Sad for that Grebe of which other types of Grebes here in the U.S. are getting scarce. And the Brown Pelican: IF Florida goes under that damn oil blanket to any great extent the Pelican is definitely done for. Better pray we don't. Even with Florida untouched they have been rapidly decreasing in numbers since the 70's when they used to fly in long columns over the beaches...
The worst: the suffering covered in that oil. It must be intense. Sadly, they don't die quickly.
Reviewed by Abdi-Noor Mohamed (Eagle Of Hope)

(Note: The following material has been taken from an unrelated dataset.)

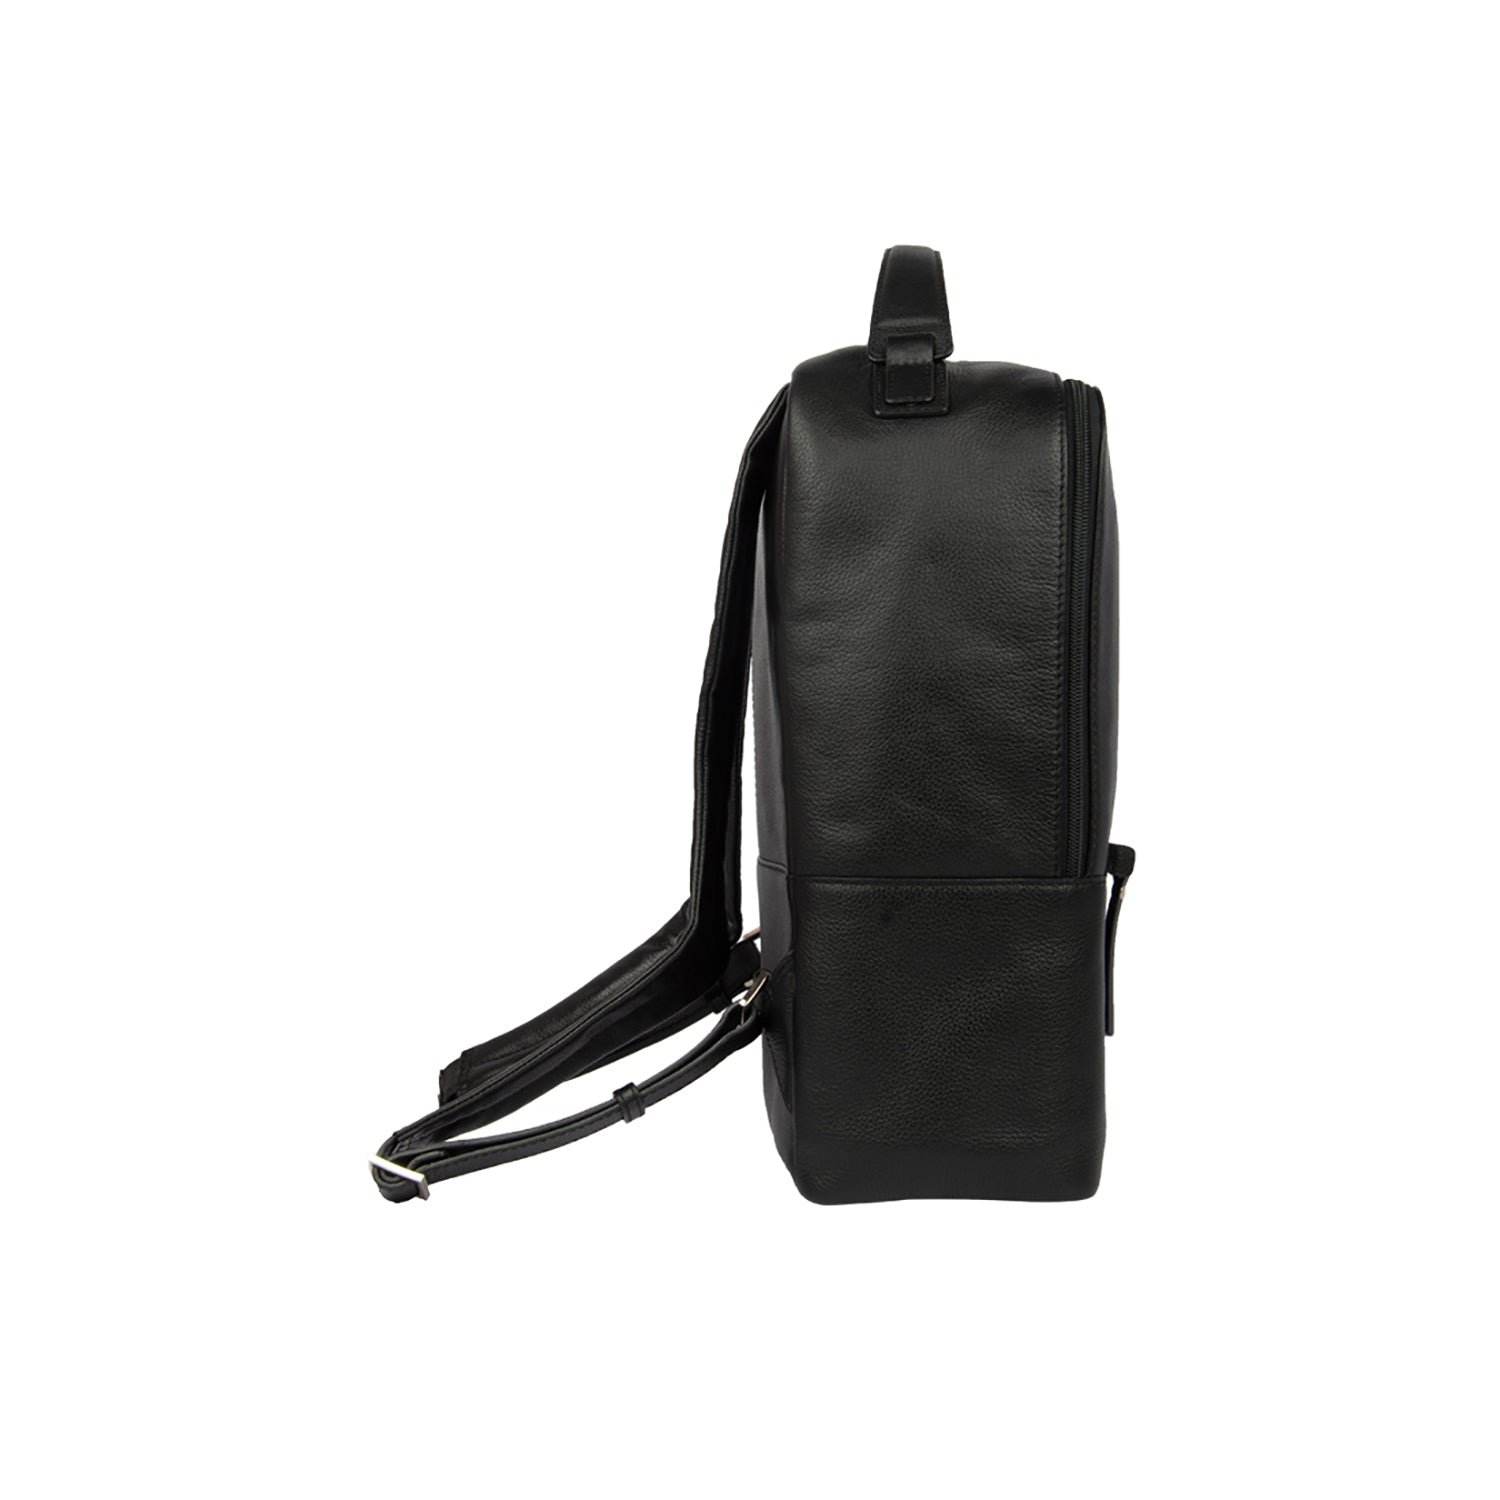 Bulchee Genuine  leather Backpack (Unisex) - MHBL907

Sad scenario of global magnititude
Reviewed by Patrick Granfors
The well of life is drying up one drop at a time. Never to be refilled. Patrick
Reviewed by Christine Alwin
Ed, I just cry out inside for our wildlife, truly so sad! and this gulf devistation is unbearbable to think about~
Reviewed by Ed Matlack
Only have seen pelicans on TV or the one time I was in Florida, but there were none too many even then...Ed
Reviewed by Karen Palumbo
We are losing so many in such a short time it becomes difficult to keep up. These are all God's creatures too and yet we look away. Yes, now the Brown Pelican and countless other speciies being washed up to shore covered in oil. Some legacy to leave behind...

Be always safe,
Karen
Reviewed by JASMIN HORST SEILER
War graves there should be for these galant soldiers of life, that bravely tried just to live with the bare naked nature confronting them, with no weapons to defend themselves against our onslaught of greed, and the fear to confront those that would harm them.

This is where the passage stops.